Synopses & Reviews
In the late nineteenth century, in Washington Square, two children play with a red balloon. And there begins this strangest of romances, a liaison between two authors, beautiful and tiny Daniel and the orphan Grace, The Fat Princess, as enormous as she is wealthy. Both wish for artistic mastery, to be read and to be understood, most of all by each other. And yet through their lives, these lovers only occasionally meet and touch, until Daniel uncovers Grace's great secret in her House of Death. In its daylight episodes, James Friel's new novel has the elegance of Henry James's and Edith Wharton's Belle poque family dramas, but after dark, THE POSTHUMOUS AFFAIR is hallucinatory, nerve-bending - as grotesque and fantastic as the stories of Edgar Allen Poe and Mervyn Peake.

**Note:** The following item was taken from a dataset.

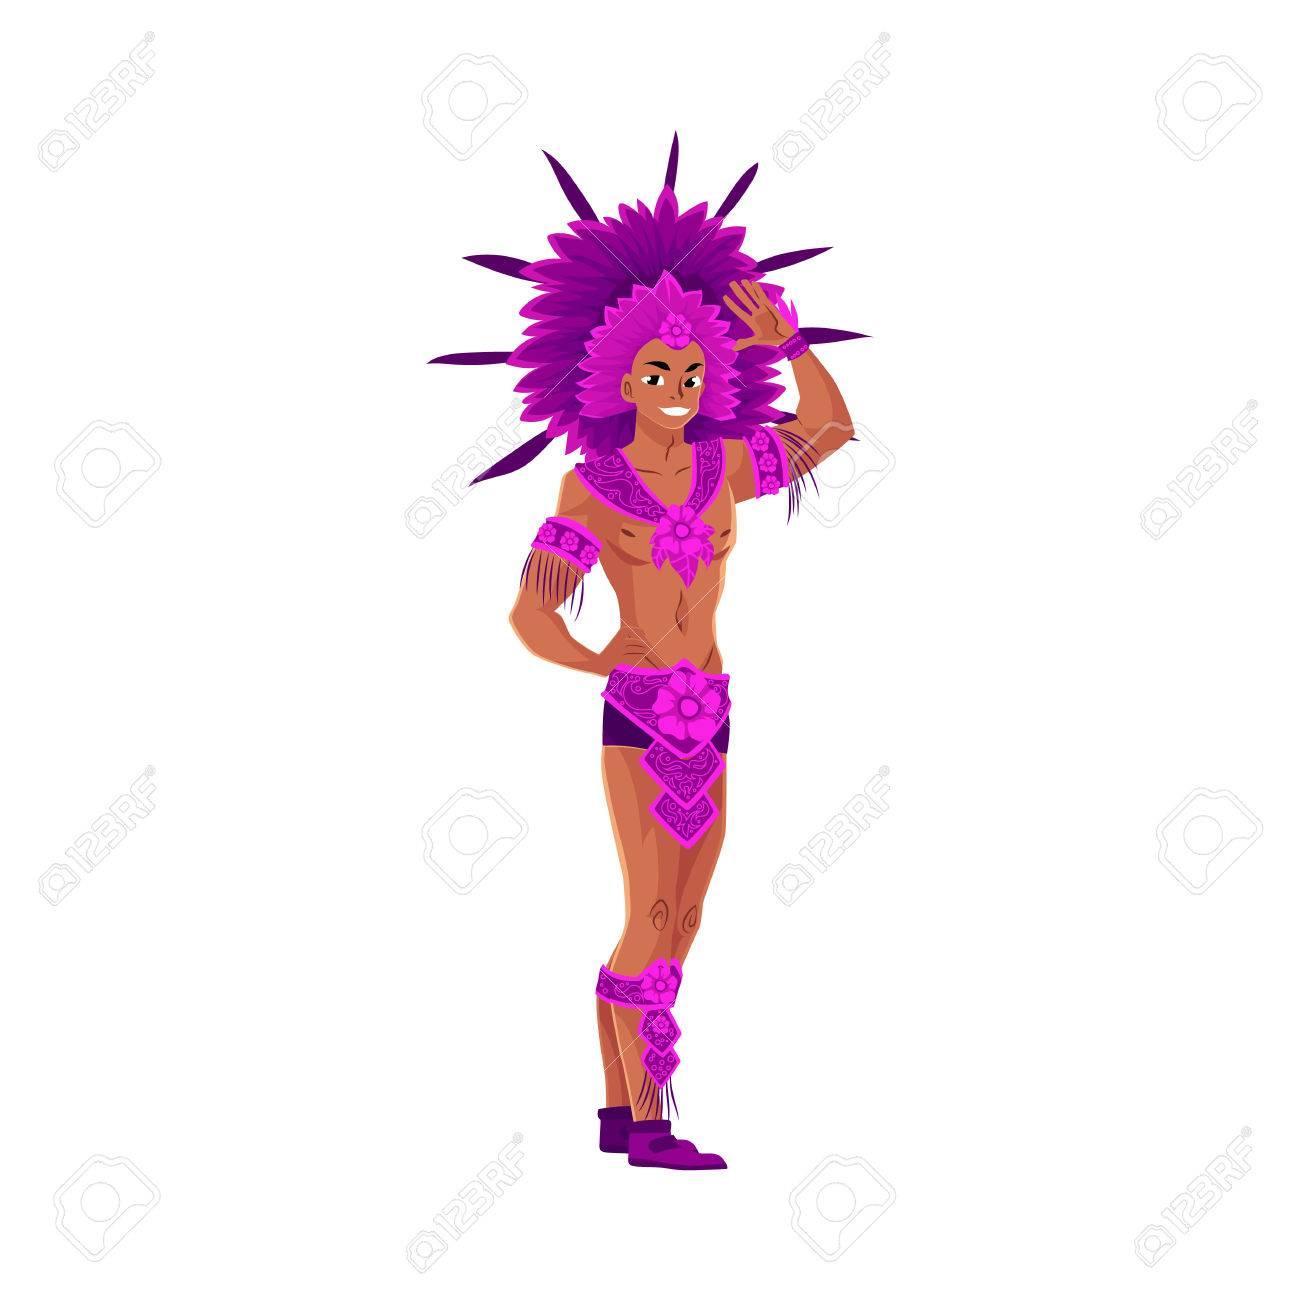 cb69efb52ada Vestido de hombre joven para el carnaval brasileño en Río de Janeiro,  bailarín de samba en traje de plumas y tocado, ilustración vectorial de  dibujos ...

Novelist Grace Dane Mazur says, THE POSTHUMOUS AFFAIR, a devastating and illuminating exploration of love and grief, opens in late nineteenth-century New York and ends in an Italy that is mysterious, decaying, and gloomily beautiful. Friel has the brilliance of The Master, with none of James's obscurity. Instead, this is heavily sensual work-sometimes humorous and wild, sometimes contemplative, and very often wonderfully peculiar. All the way through, the novel is so lucid, and reveals such deep understanding of the emotions, that it presents to us an astonishing new form of erotic love.
Synopsis
Fiction. In the late nineteenth century, in Washington Square, two children play with a red balloon...and so begins the strange romance between Daniel, beautiful and tiny, and Grace, known as The Fat Princess, an orphaned girl whose enormous girth matches her wealth. Each wishes for a life of the mind, for artistic mastery, to be read and to be understood—most of all by each other—but through their lives, the couple only occasionally meet, until Daniel uncovers Grace's great secret in her House of Death.
About the Author
James Friel was born in the northwest of England to Irish parents from Donegal, his mother being a native Gaelic speaker. In addition to his novels, he has adapted works of fiction for radio, including Kazuo Ishiguro's The Remains of the Day and A Pale View of Hills, William Faulkner's As I Lay Dying, and Orhan Pamuk's Snow. He is Program Leader for the M.A. and Ph.D. in Writing at Liverpool's John Moores University, and he is Visiting Writer at L'Universite de Rouen, France. His most recent novel is THE POSTHUMOUS AFFAIR (Tupelo Press, 2012).